Une étude est également en cours pour la ligne Gisors/Serqueux. De plus, le parc ferroviaire haut-normand va s’enrichir de 25 nouveaux trains. « Il est normal qu’à une amélioration d’horaire corresponde une amélioration du confort des voyageurs. » Pour favoriser le trafic ferroviaire, donc désengorger les routes, une nouvelle gamme tarifaire est mise au point.

Dans le cadre des contrats d’agglomération, la Région a prévu 50 millions d’euros pour accompagner Rouen, 17 pour Le Havre.
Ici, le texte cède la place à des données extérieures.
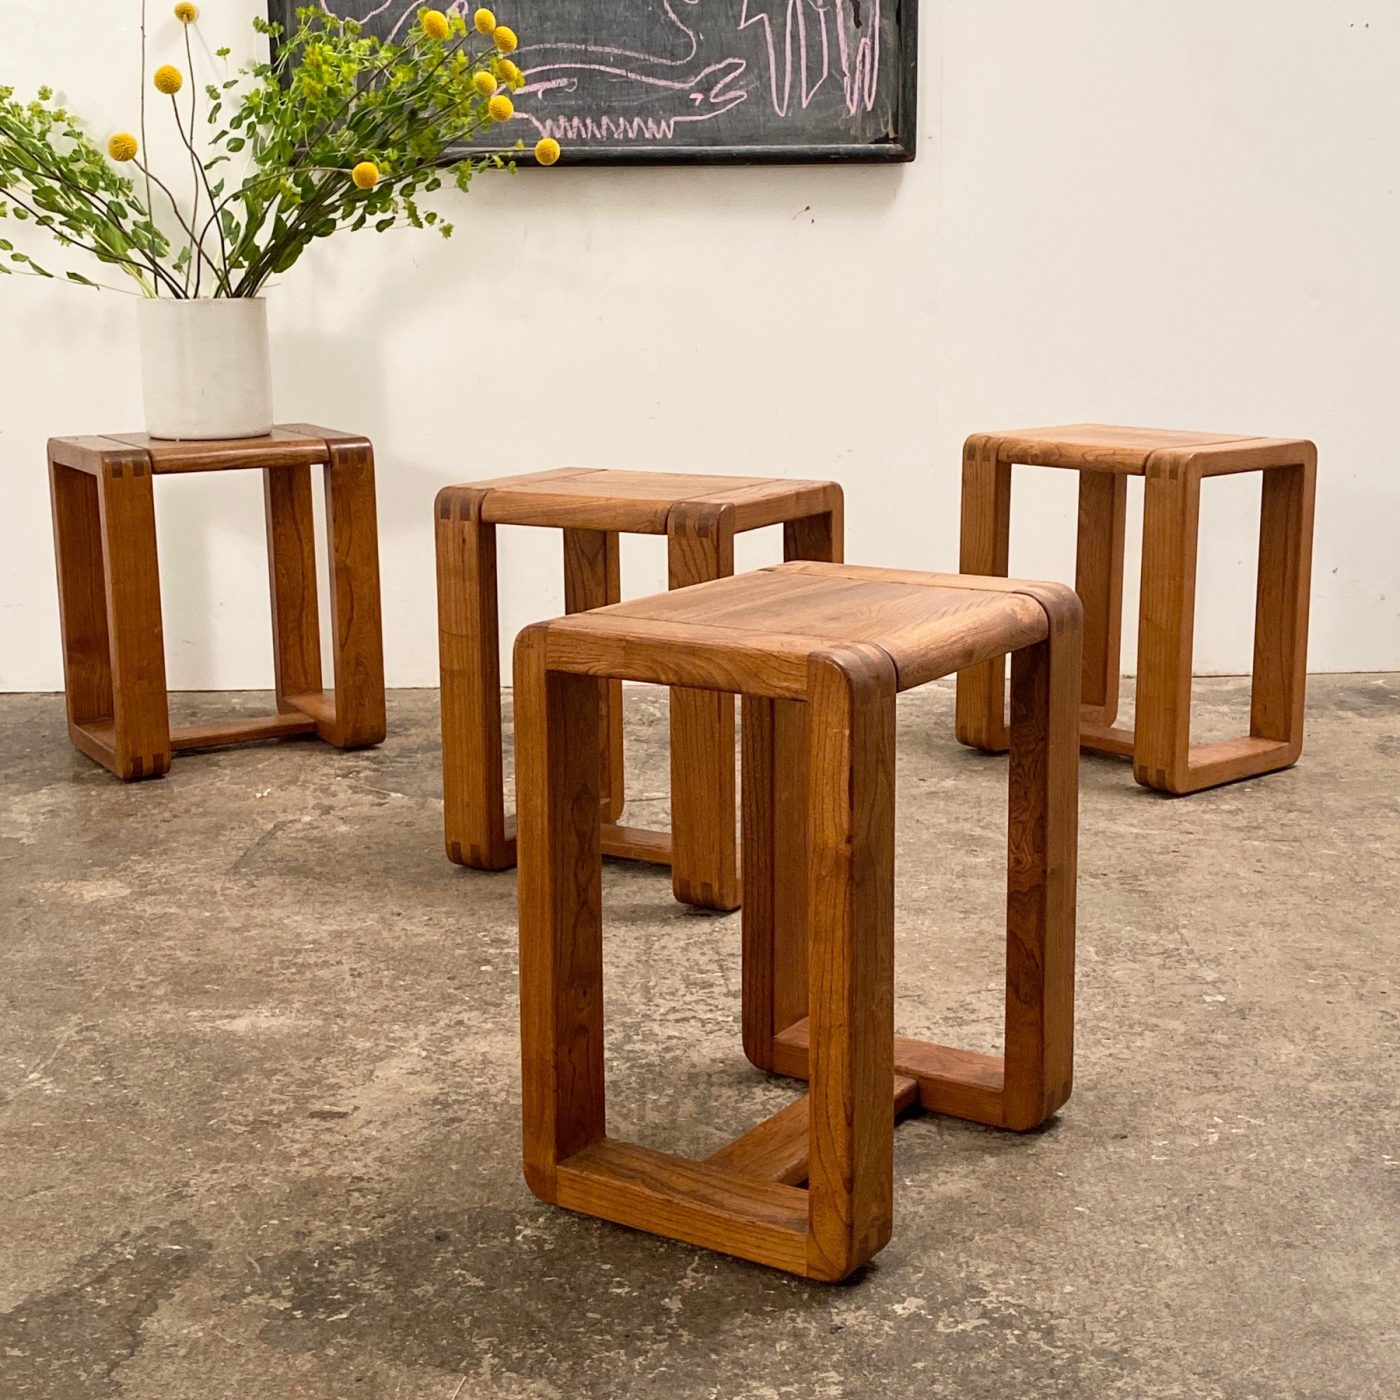 objet-vagabond-massive-stools0000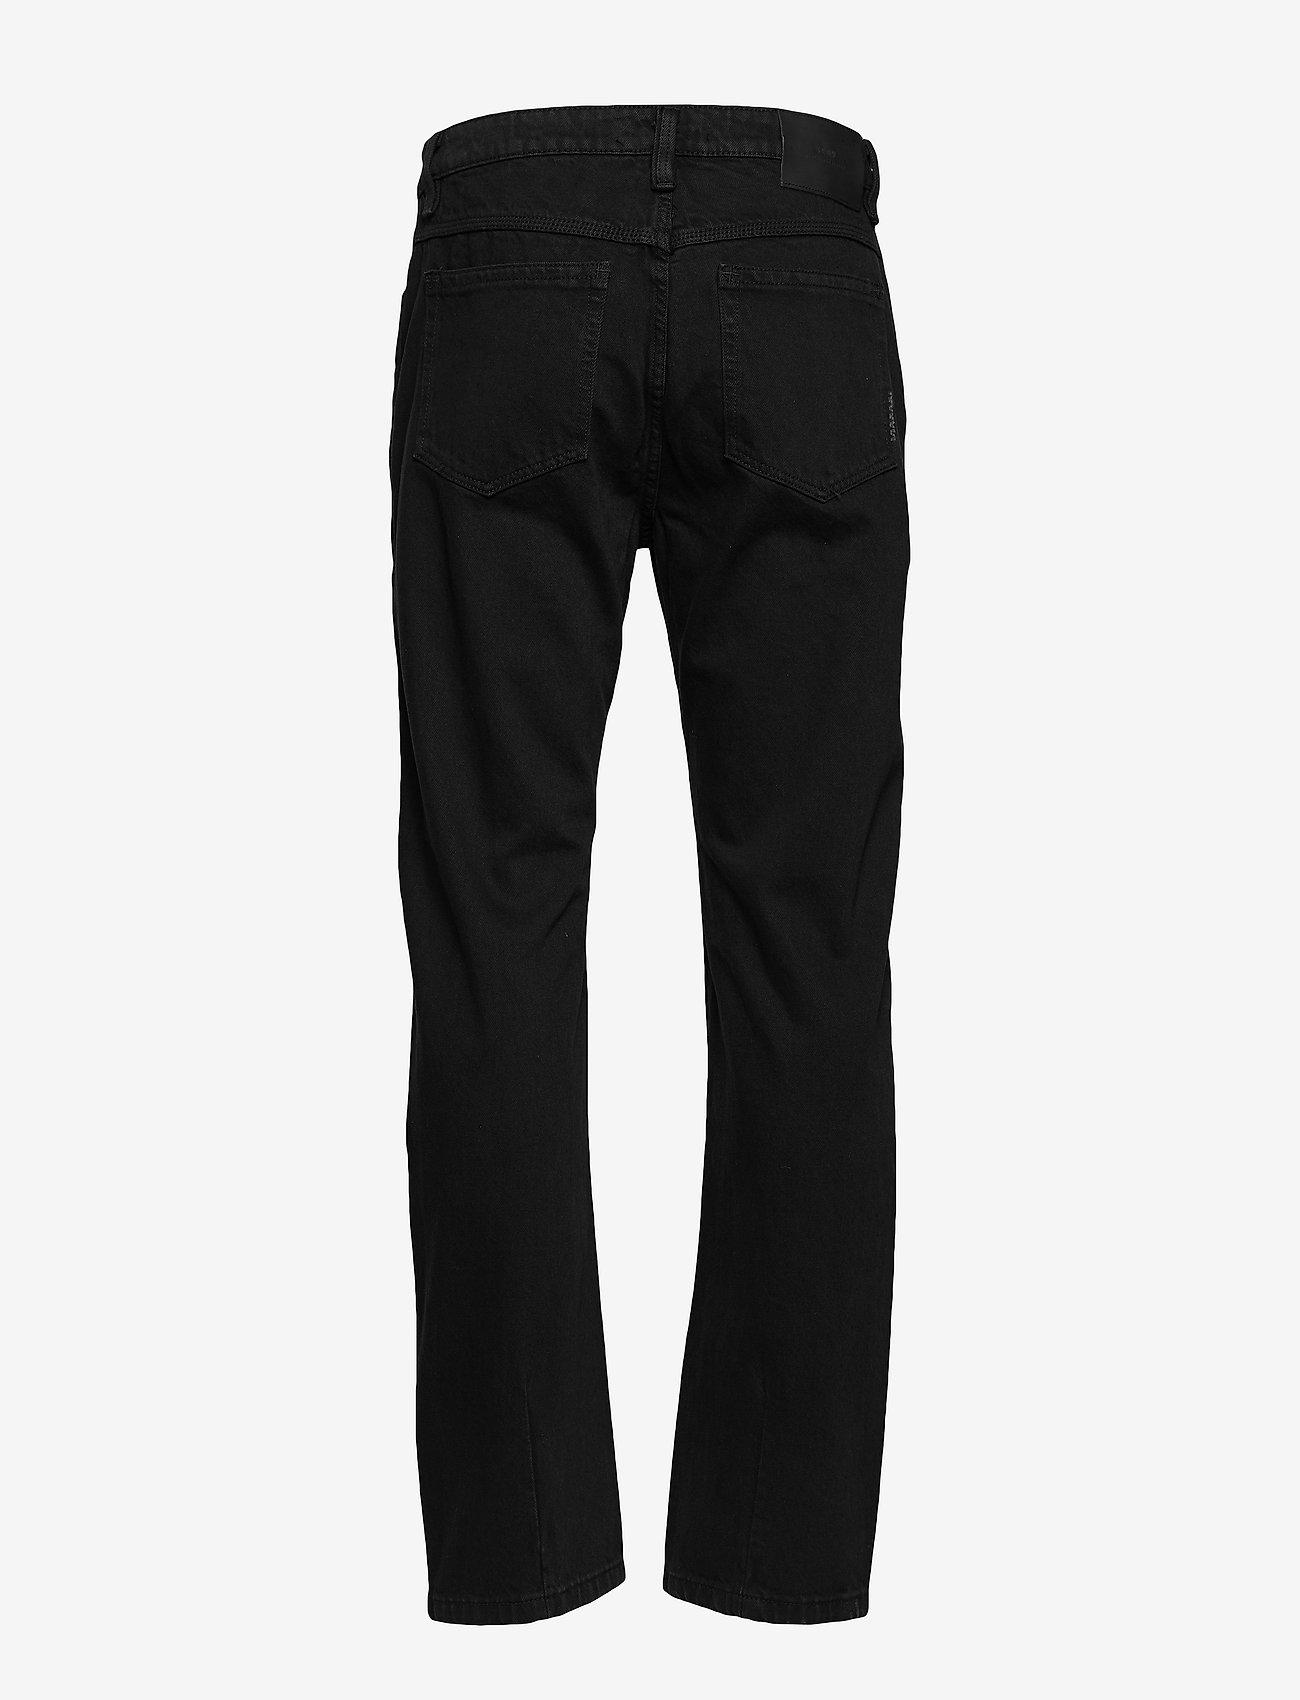 Neuwreid Baggy - Jeans

Quant à Evreux, l’étude est en cours. « Il restera ensuite à avancer sur Dieppe et Vernon » ajoute Alain Le Vern.

Concernant les principales villes du département, la Région souhaite voir construire deux stades ainsi qu’un palais des sports à Rouen. « La Région ne mégotera pas son aide pour que ça se réalise ». Sur le plan économique, la priorité sera donnée à la définition de zones stratégiques d’activités et à l’aide régionale pour l’emploi. Voilà qui ressemble fortement à un programme pour les six ans à venir. Si les militants socialistes lui donnent sa bénédiction, dans les premiers jours d’octobre, le président transformera ces « vœux de rentrée » en programme électoral.